**Material provided:**
-------

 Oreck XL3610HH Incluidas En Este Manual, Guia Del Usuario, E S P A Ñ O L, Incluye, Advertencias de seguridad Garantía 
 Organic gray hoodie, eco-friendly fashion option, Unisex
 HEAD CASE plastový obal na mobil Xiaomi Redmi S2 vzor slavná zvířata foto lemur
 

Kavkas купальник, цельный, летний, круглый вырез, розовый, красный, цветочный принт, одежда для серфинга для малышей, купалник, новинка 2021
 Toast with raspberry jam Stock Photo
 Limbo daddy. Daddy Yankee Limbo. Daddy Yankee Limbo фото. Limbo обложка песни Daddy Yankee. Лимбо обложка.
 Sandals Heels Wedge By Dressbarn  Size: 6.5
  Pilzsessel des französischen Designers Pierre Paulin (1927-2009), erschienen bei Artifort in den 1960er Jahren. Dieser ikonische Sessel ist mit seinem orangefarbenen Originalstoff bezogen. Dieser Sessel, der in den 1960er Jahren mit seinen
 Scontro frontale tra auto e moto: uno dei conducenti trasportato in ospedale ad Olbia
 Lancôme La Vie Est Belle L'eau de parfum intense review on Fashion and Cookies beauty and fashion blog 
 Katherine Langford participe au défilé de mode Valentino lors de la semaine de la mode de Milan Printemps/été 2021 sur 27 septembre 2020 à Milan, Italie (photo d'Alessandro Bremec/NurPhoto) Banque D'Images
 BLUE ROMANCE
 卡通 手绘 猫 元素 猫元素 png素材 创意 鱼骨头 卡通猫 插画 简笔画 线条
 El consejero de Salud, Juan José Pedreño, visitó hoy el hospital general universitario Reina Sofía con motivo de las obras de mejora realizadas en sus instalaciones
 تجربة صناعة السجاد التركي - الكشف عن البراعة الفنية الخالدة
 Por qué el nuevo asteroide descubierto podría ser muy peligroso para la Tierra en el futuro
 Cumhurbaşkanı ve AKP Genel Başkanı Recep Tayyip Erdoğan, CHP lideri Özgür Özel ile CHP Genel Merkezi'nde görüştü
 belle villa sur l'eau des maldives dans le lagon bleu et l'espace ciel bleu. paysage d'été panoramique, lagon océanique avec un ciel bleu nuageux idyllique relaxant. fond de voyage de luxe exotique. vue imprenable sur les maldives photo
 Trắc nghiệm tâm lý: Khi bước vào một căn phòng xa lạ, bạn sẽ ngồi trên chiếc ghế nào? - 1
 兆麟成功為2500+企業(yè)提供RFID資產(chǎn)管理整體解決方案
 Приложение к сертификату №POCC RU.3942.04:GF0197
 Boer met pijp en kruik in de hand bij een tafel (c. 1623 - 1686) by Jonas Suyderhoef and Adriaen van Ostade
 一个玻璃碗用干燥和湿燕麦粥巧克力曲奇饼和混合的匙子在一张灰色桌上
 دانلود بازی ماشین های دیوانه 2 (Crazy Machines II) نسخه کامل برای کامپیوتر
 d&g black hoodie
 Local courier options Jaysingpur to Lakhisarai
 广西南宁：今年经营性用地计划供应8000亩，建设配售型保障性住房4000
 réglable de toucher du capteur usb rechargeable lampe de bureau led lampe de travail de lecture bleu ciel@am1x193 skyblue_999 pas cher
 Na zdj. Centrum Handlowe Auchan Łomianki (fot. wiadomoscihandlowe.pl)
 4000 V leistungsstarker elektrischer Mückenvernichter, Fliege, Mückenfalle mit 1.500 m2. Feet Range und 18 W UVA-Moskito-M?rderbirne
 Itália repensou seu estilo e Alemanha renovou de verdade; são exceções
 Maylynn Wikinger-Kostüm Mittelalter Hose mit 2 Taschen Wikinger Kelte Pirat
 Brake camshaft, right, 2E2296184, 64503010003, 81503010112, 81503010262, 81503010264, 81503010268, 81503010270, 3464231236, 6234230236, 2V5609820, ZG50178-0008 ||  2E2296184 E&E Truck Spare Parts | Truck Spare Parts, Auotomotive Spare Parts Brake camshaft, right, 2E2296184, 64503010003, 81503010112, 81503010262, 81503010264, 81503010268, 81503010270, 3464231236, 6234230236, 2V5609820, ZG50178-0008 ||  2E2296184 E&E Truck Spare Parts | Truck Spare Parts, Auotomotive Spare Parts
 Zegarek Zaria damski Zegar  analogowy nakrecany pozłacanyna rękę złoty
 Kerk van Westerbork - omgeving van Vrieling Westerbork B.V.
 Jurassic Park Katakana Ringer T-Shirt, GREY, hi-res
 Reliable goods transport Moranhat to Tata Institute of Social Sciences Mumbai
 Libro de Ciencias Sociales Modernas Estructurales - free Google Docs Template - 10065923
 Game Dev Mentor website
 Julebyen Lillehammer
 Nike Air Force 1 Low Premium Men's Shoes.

-------

For the listing above, print only the lines starting at the line containing "réglable de toucher" and ending at the line containing "Na zdj. Centrum", exactly, both included.

**Solution for this exercise:**
 réglable de toucher du capteur usb rechargeable lampe de bureau led lampe de travail de lecture bleu ciel@am1x193 skyblue_999 pas cher
 Na zdj. Centrum Handlowe Auchan Łomianki (fot. wiadomoscihandlowe.pl)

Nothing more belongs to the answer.